The tests shown here are available in version control as mentioned in the overview. These tests can be run from your Windows workstation by installing the K6 Windows Binaries.

The Linux VM is only used to track and graph test results. Details on accessing or recreating this VM are contained in the readme.md file in version control.

Sandbox

Testing has been performed on the SBX instance, consisting of an Azure VM for each of the Web and Portal, GIS Server, and Data Store roles. Note that SBX is behind a firewall maintained by the cloud team, and our loadtest VM is not whitelisted to access SBX at the time of writting. All tests were performed on the TC network. The results follow:

The results show surprisingly good results from the Sandbox machine.

 

It was noticed that SBX VMs were undersized compared to Dev, and that accelerated networking wasn’t enabled. AN is an Azure Feature that was released after Sandbox was created. The VMs were resized and accelerated networking was enabled.

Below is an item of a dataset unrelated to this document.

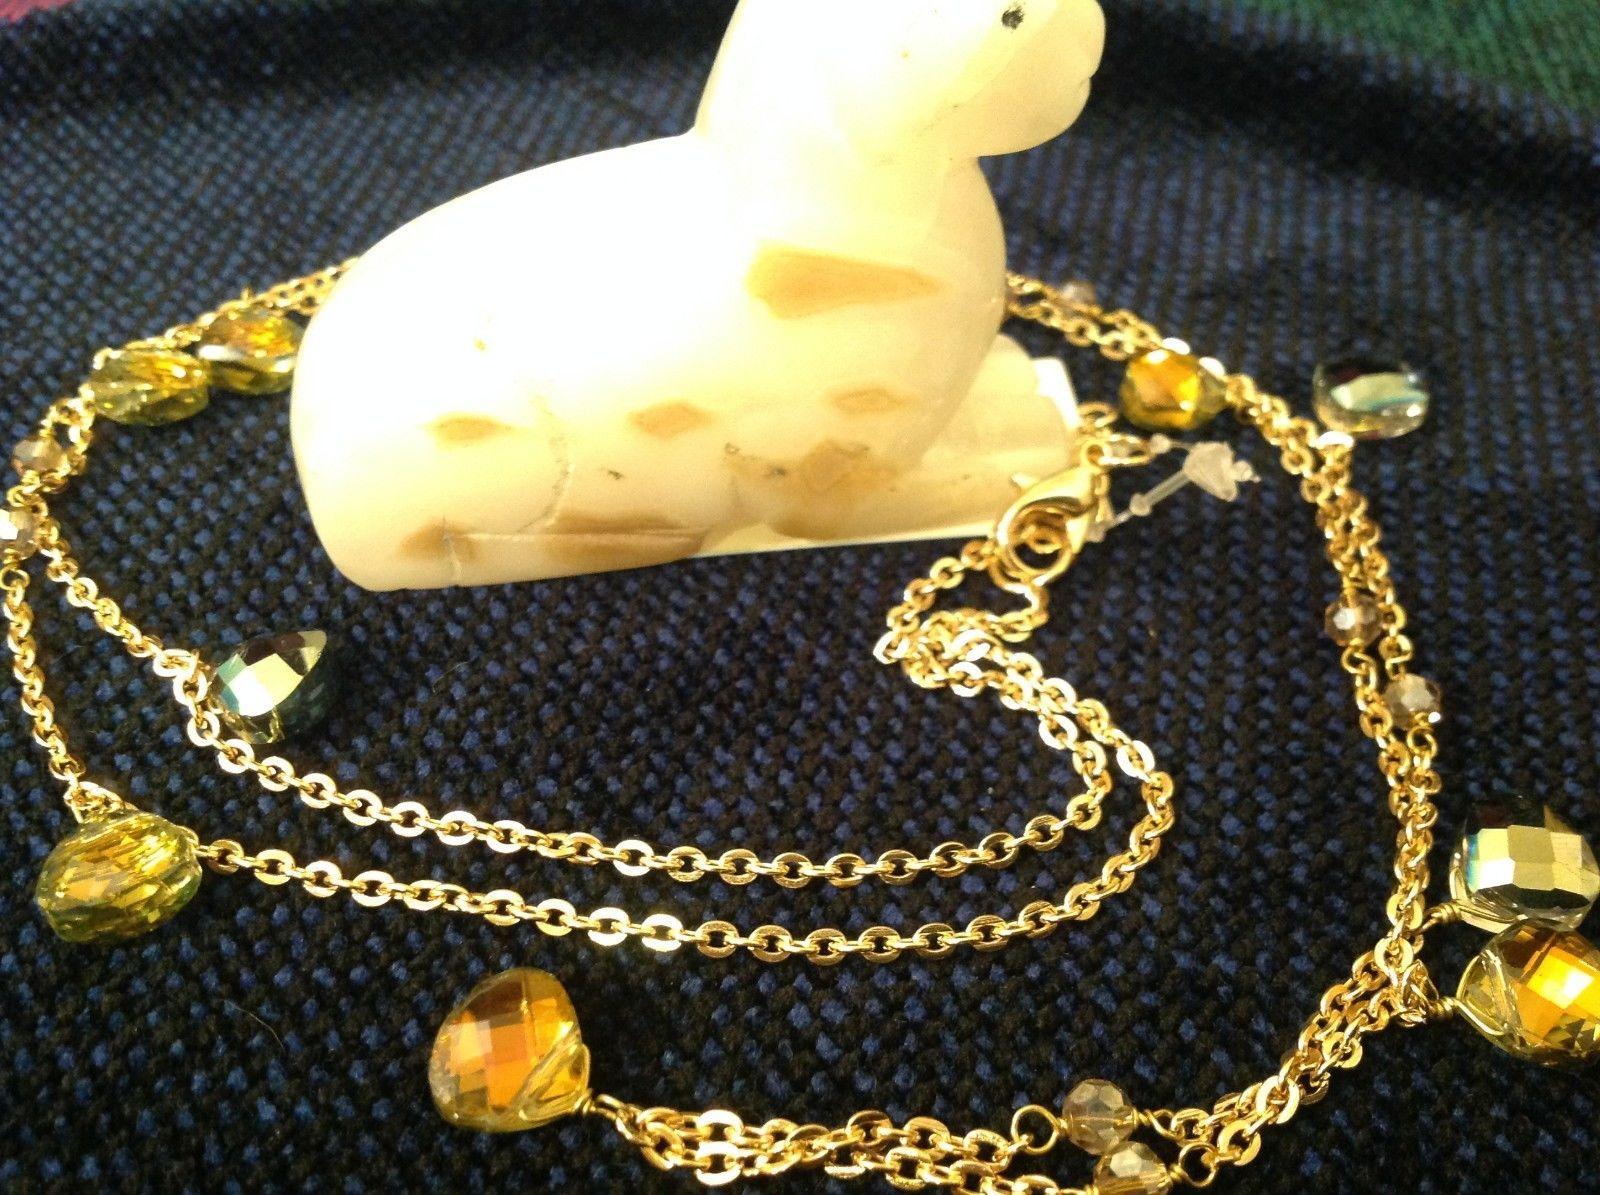 18 Inch Elly Preston Thai Faceted Crystal Pendant Necklace aurora borealis

az login Select-AzSubscription -Subscription 0921cb70-a968-4860-a0dc-7f77ba3a35c4; az network nic update ` --name tc-egis-sbx-ds592 ` --resource-group TC-Sandbox-ArcGIS-RG ` --accelerated-networking true az network nic update ` --name tc-egis-sbx-web95 ` --resource-group TC-Sandbox-ArcGIS-RG ` --accelerated-networking true az network nic update ` --name tc-egis-sbx-gis702 ` --resource-group TC-Sandbox-ArcGIS-RG ` --accelerated-networking true az network nic update ` --name egis-sbx-geoevt44 ` --resource-group TC-Sandbox-ArcGIS-RG ` --accelerated-networking true

The load testing was repeated at the same time of day, although the second round was done through the VPN from a home connection. The results are as follows:

 

These results look around the same despite the improved hardware. To clear this confusion, the tests were repeated on the TC network in the early morning. The results were more promising:

Here we see SBX handle a 200 user load with acceptable response times.

Dev

Testing has been performed on the DEV instance, consisting of an Azure VM for each of the Web and Portal, GIS Server, and Data Store roles.

Portal

Portal has been tested on the Dev instance by creating an increasing number of virtual users and logging the response time from subsequent requests to the portal home page, portal CSS, and a hosted image. The pilot instance splits the Web Adapter and Portal roles into their own VMs.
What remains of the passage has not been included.